Some people find the constant information provided by continuous glucose monitors to be stressful and confusing. With the Libre, you ask when you want the information. It's also cheaper and flatter than other CGMs.

 

Insulin speed

 

Novo Nordisk received FDA approval for a new insulin called Fiasp, which is currently under regulatory review in Australia. This insulin starts working in about 2.5 minutes.

 

Currently, Novolog, another product from Novo Nordisk, takes approximately five to 10 minutes to start working.

 

If people with type 1 diabetes inject insulin at least five to 10 minutes before eating, their blood glucose levels may spike too high after eating.

 

It's not always possible or even safe to pre-inject insulin.

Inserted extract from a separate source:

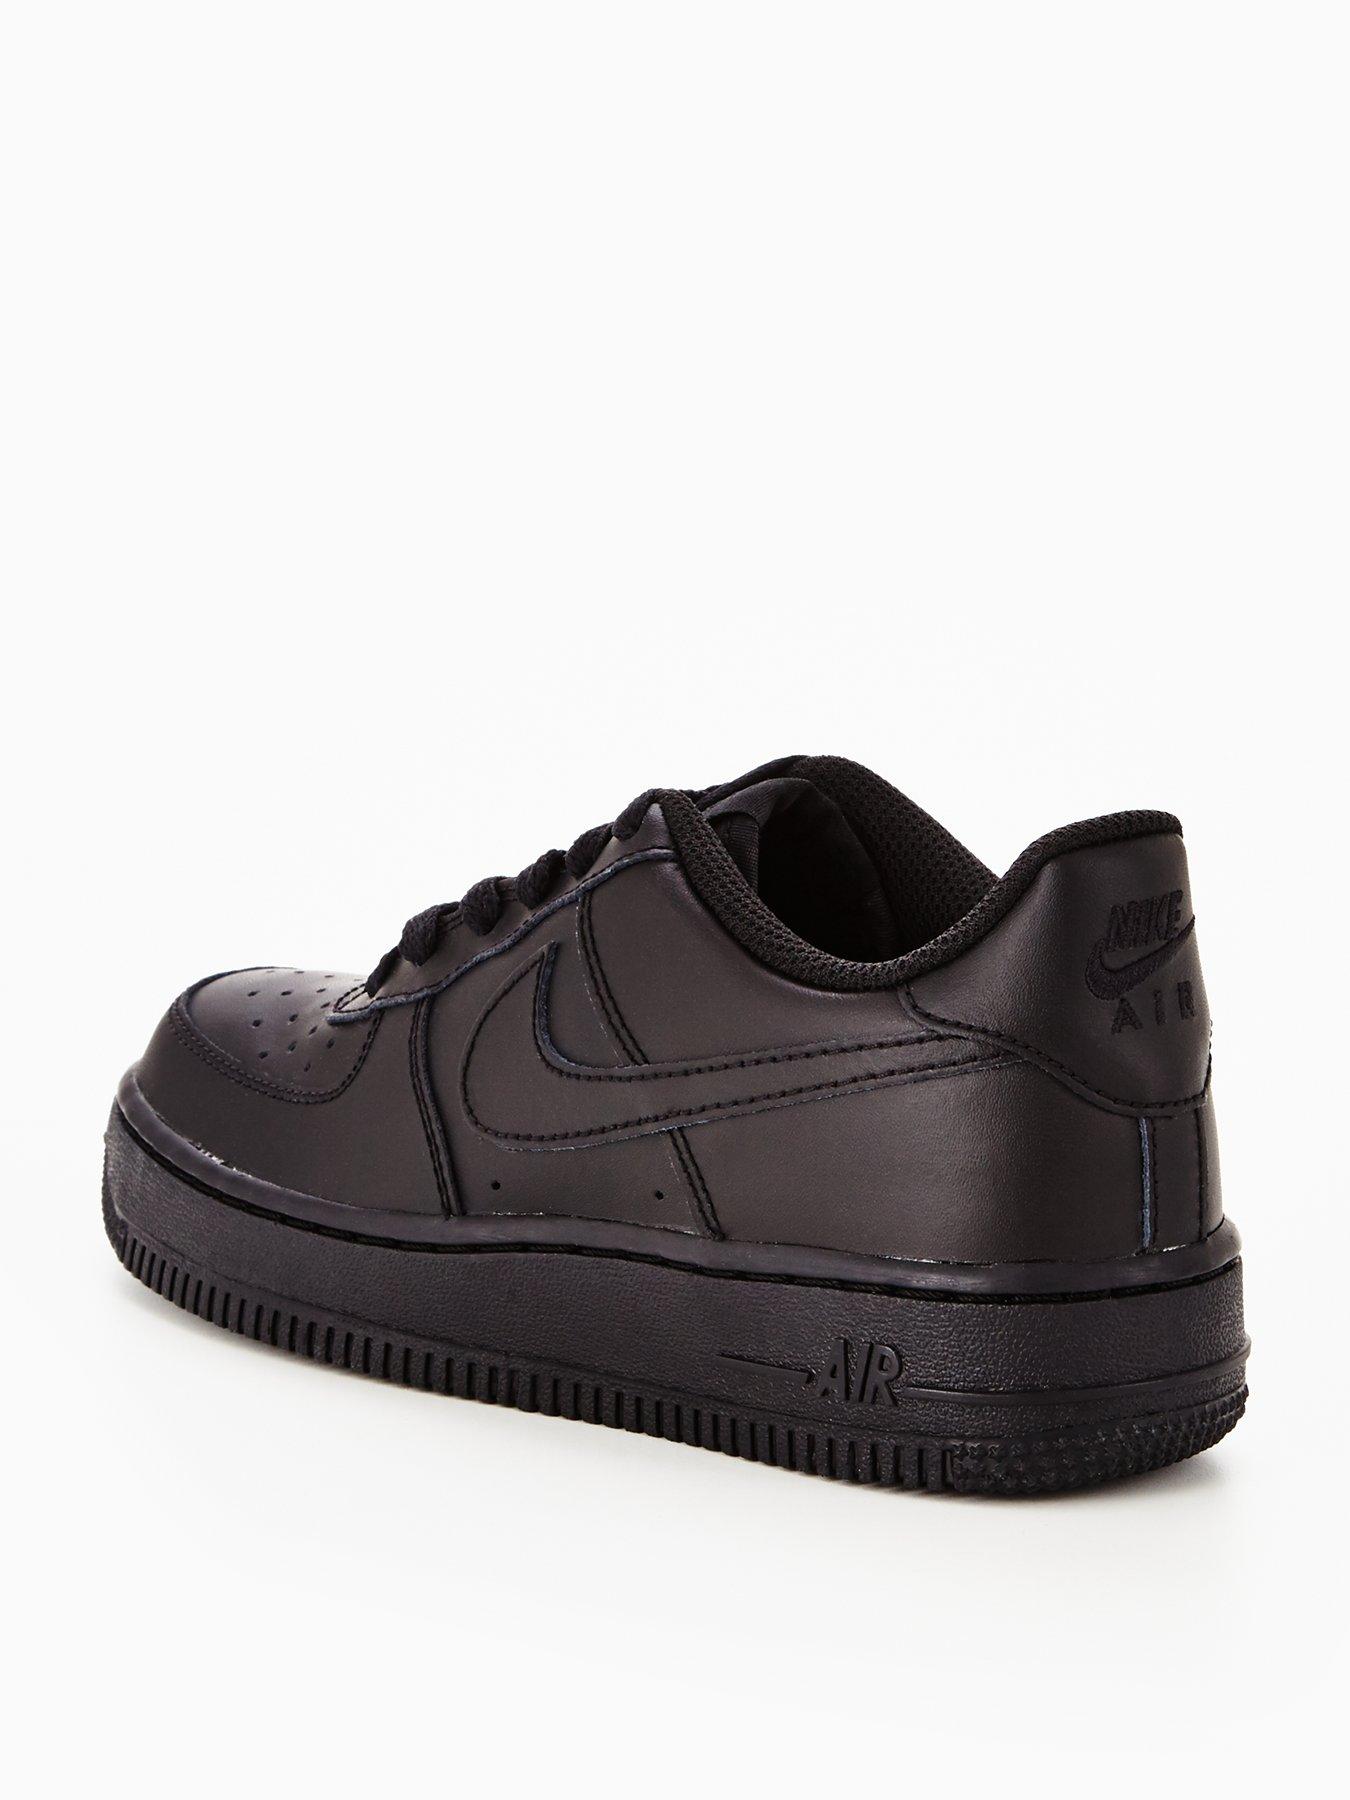 air force 1 childrens trainers - black

For example, in a restaurant, you have no way of knowing when your food might arrive, and if you pre-inject and your food is late, you can have a dangerously low blood glucose level.

 

The shorter time it takes Fiasp to work could help prevent spikes in blood glucose after eating, which ultimately leads to better diabetes management.

 

How do Australians fare?

 

Most Australians with diabetes are aware that although we have better access to cheaper insulin and top rate medical care compared with some other countries, there is an area where Australia is slipping behind.

 

Diabetes Queensland is lobbying the Federal Government to subsidise Abbott's FreeStyle Libre Flash Glucose Monitoring System under the National Diabetes Services Scheme in Australia.

 

In the past three months, both the UK and the US have approved covering the cost of FreeStyle Libre under their respective public health systems.


Abbott says that the FreeStyle Libre system is now being used by about 400,000 people across more than 40 countries, and notes that partial or full reimbursement for the system has been secured in 21 countries, including France and Japan.

 

Diabetes Queensland will report on the Australian Federal Government's decision in the coming months.